Data Drift Detection with Evidently
Evidently is the most widely used open-source library for ML monitoring and drift detection.
Installation
pip install evidently pandas numpy scikit-learnBasic Data Drift Test
import pandas as pd
import numpy as np
from evidently.report import Report
from evidently.metric_preset import DataDriftPreset
from evidently.metrics import DataDriftTable
# Reference data: your training/baseline distribution
reference_data = pd.read_parquet('data/reference_2023.parquet')
# Current data: recent production traffic
current_data = pd.read_parquet('data/current_week.parquet')
# Build a drift report
report = Report(metrics=[DataDriftPreset()])
report.fit(reference_data, current_data)
report.save_html('drift_report.html')
# Access results programmatically
result = report.as_dict()Writing Drift Tests
import pytest
from evidently.test_suite import TestSuite
from evidently.tests import (
TestShareOfDriftedColumns,
TestColumnDrift,
TestNumberOfDriftedColumns
)
@pytest.fixture
def reference_data():
return pd.read_parquet('data/reference_2023.parquet')
@pytest.fixture
def current_data():
return pd.read_parquet('data/current_production.parquet')
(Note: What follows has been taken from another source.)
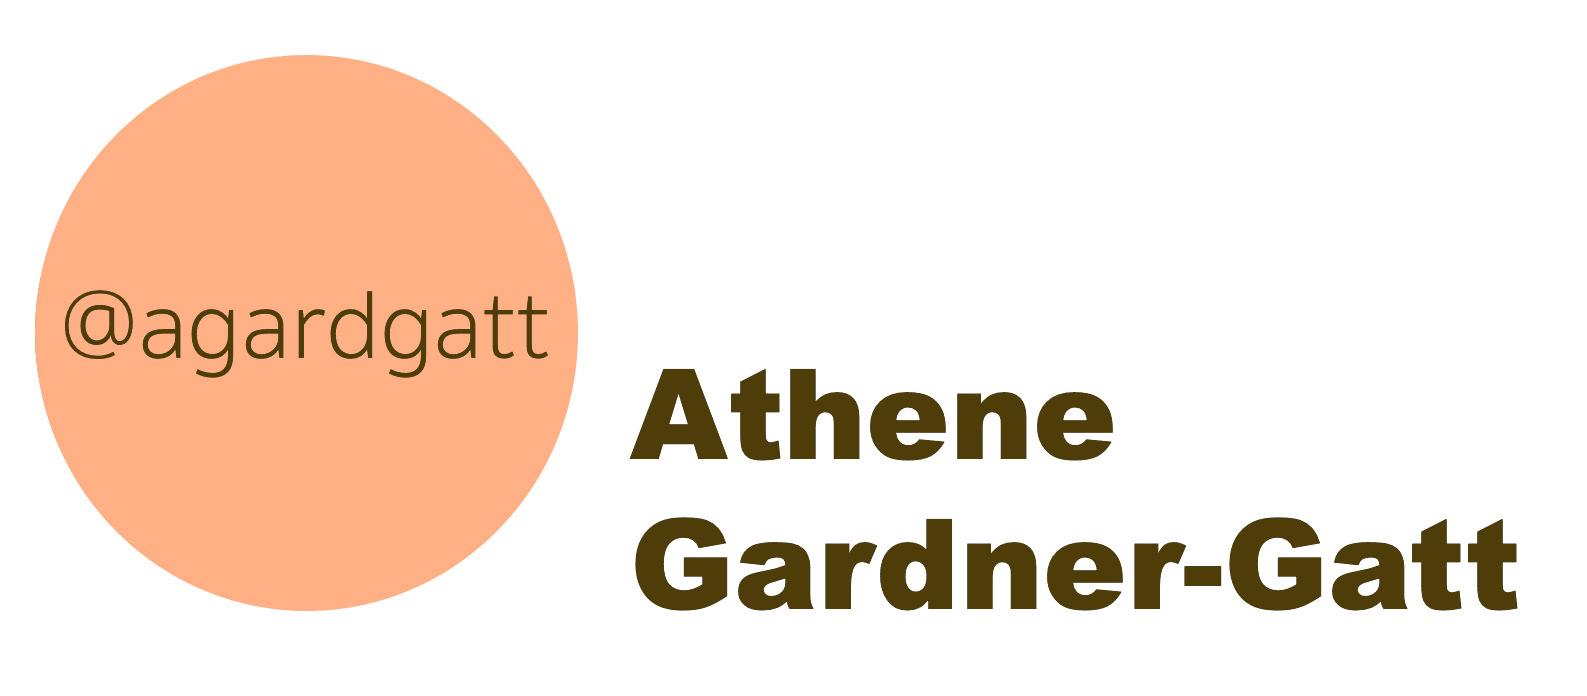 Amelia Gardner-Gatt

def test_less_than_30_percent_columns_drifted(reference_data, current_data):
"""At most 30% of feature columns should show drift."""
suite = TestSuite(tests=[
TestShareOfDriftedColumns(lt=0.3) # Less than 30% drifted
])
suite.run(reference_data=reference_data, current_data=current_data)
assert suite.as_dict()['summary']['all_passed'], \
"Too many feature columns are drifting — model may be unreliable"
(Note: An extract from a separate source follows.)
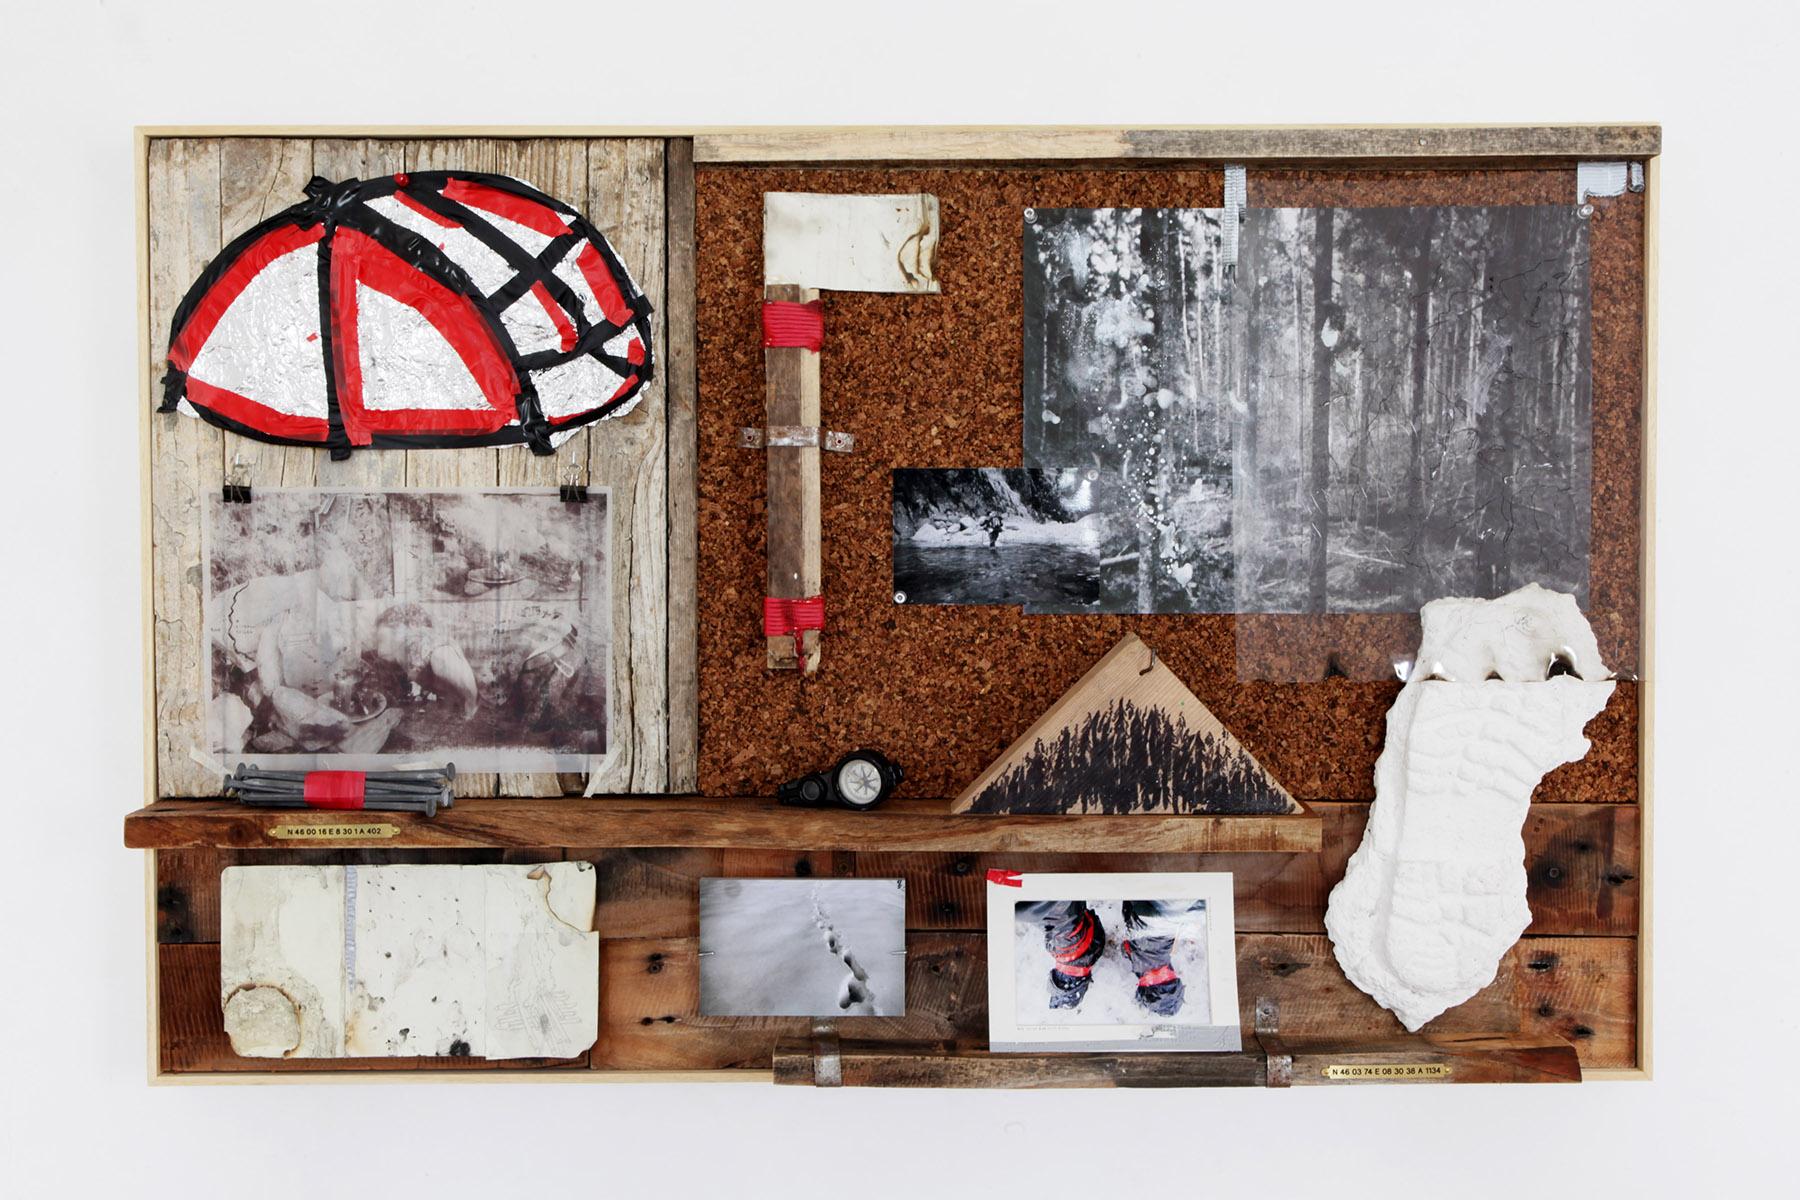 Daniele Girardi, 2021, Residuo Arcaico 1, opera arte, artwork, artista

def test_critical_features_not_drifted(reference_data, current_data):
"""Core business features must not drift — these most affect model predictions."""
critical_features = ['income', 'credit_score', 'debt_to_income_ratio']
suite = TestSuite(tests=[
TestColumnDrift(column_name=feature)
for feature in critical_features
])
suite.run(reference_data=reference_data, current_data=current_data)
results = suite.as_dict()
for test_result in results['tests']:
feature = test_result['parameters']['column_name']
status = test_result['status']
if status == 'FAIL':
drift_score = test_result['parameters'].get('drift_score', 'N/A')
pytest.fail(
f"Critical feature '{feature}' is drifting (score: {drift_score}). "
f"Consider retraining."
)
def test_no_new_null_columns(reference_data, current_data):
"""Columns with low null rates in reference must not have high null rates in production."""
threshold = 0.05 # 5% max null rate
for col in reference_data.columns:
ref_null_rate = reference_data[col].isna().mean()
curr_null_rate = current_data[col].isna().mean()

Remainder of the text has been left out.